Just like the internet, NFTs have the potential to create value for all types of people. And especially given the decentralized and open nature of public blockchains, there is in principle an opportunity for NFT space to become more diverse than many technologies that came before it — both geographically (instead of anchoring just in the few countries that host the dominant Web 2 platforms), and also in terms of who participates.

But without broader representation among the creators and consumers of NFT products and infrastructure, the technology could become regressive instead.

These inclusivity challenges are complex to solve, and the business world was continuing to address (and struggle) with them as we were writing this.
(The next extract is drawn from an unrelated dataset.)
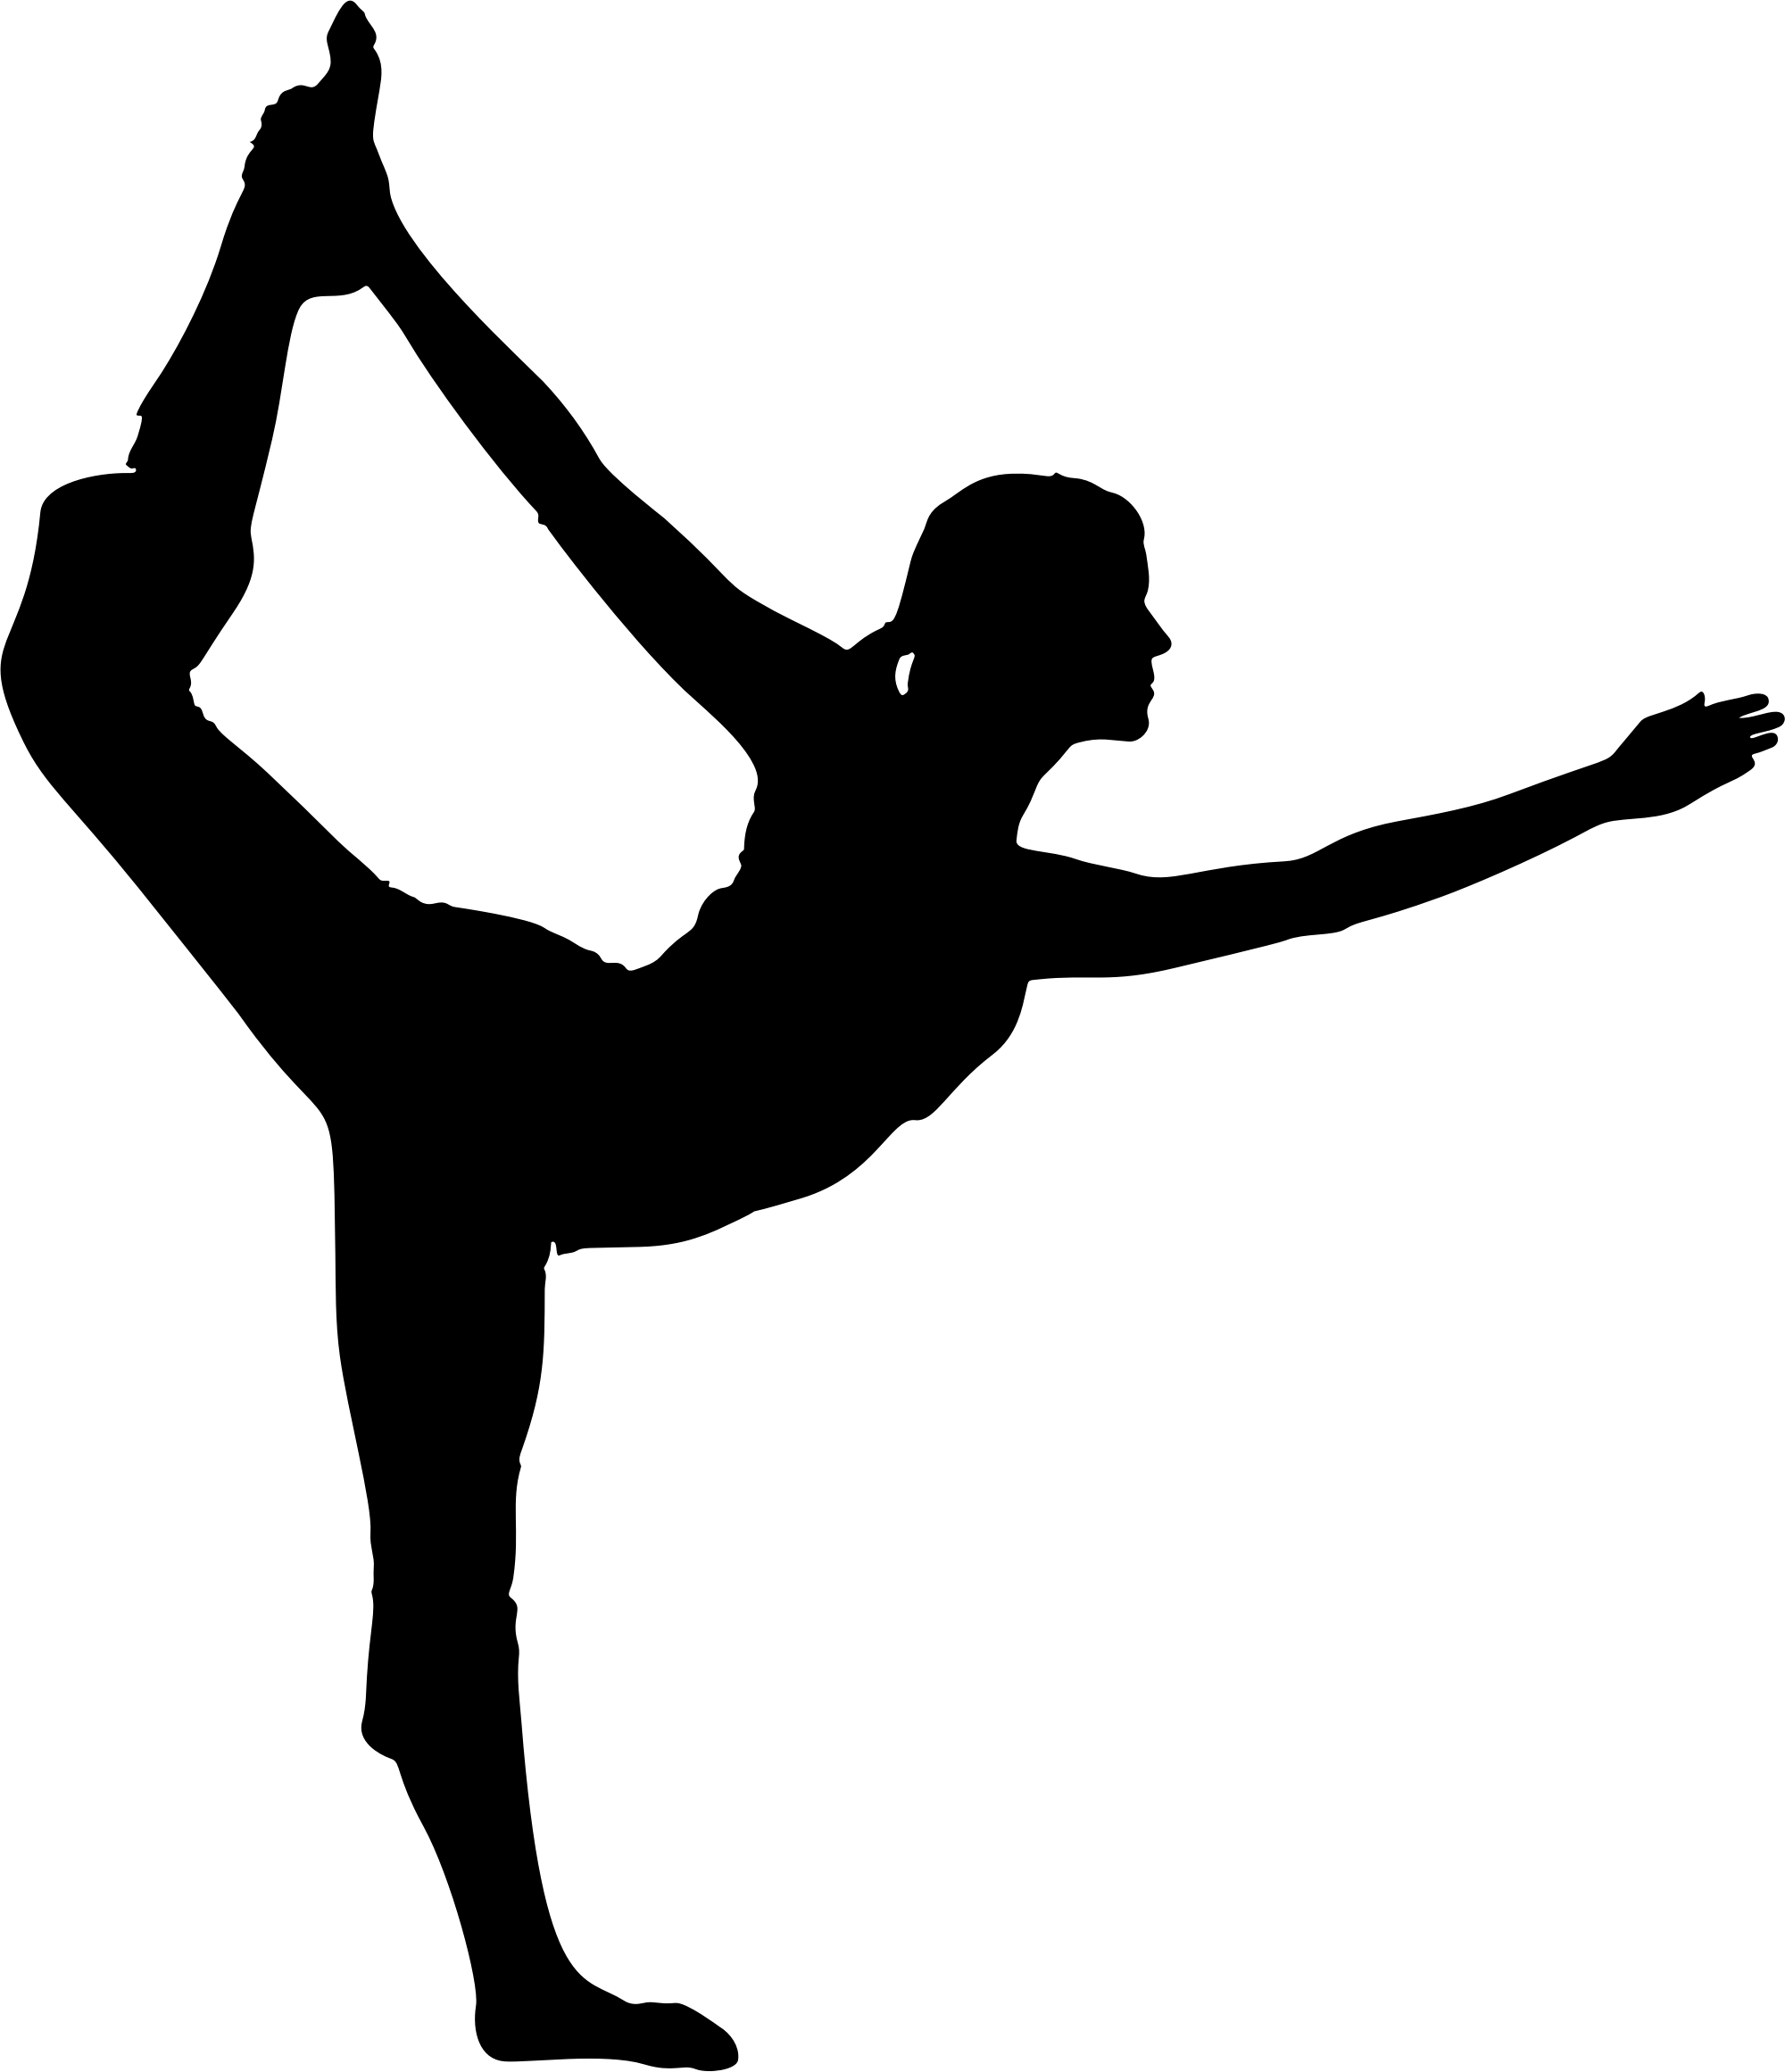 image transparent download Clipart

We don’t claim to have a panacea for creating a more diverse and representative environment in Web3. But the first step towards fixing these issues is recognizing that they exist.

And, especially in the context of Web3, we are optimistic — or at least hopeful: Because of Web3’s focus on decentralized access and user control, it has the potential to upend traditional hierarchies and power structures. At scale, for example, it’s possible that Web3 could improve market access across gender, race and socioeconomic lines because it enables creators to reach consumers directly.

Likewise, the bottom- up community building NFTs enable can help people from a wide range of backgrounds create spaces to meet and collaborate. We know many NFT creators and collectors from underrepresented groups who share these sentiments, and have personally found success and belonging in Web3.

Companies like House of First are championing diverse NFT creators, and NFT brands like World of Women, People of Crypto, and Miss O Cool Girls are providing Web3 education and access to underrepresented groups. And numerous NFT collections have been created by and to support women, nonbinary, and LGBTQIA+ creators; racial minorities; indigenous groups; disabled communities; neurodiverse individuals; and people facing humanitarian crises.

So while in 2023 there was still a long way to go to improve equity of access and opportunity in the NFT space, these projects hint at what NFTs may eventually be able to achieve. As World of Women Chief Operating Officer Shannon Snow optimistically remarked, “Pushing forward the next generation of the web won’t happen overnight, and there are many challenges to overcome. However, innovations like NFTs . . . offer opportunity to reshape the world in the image of fairness and equality,” especially by leveling the playing field in terms of access to marketplaces for creative work.

Regulation

At the same time, as with any novel asset class, NFTs raise questions about regulation. At a basic level, it can be hard to even determine what type of asset an NFT is — and indeed, the answer might vary with the format of the NFT and the specific functionalities it has.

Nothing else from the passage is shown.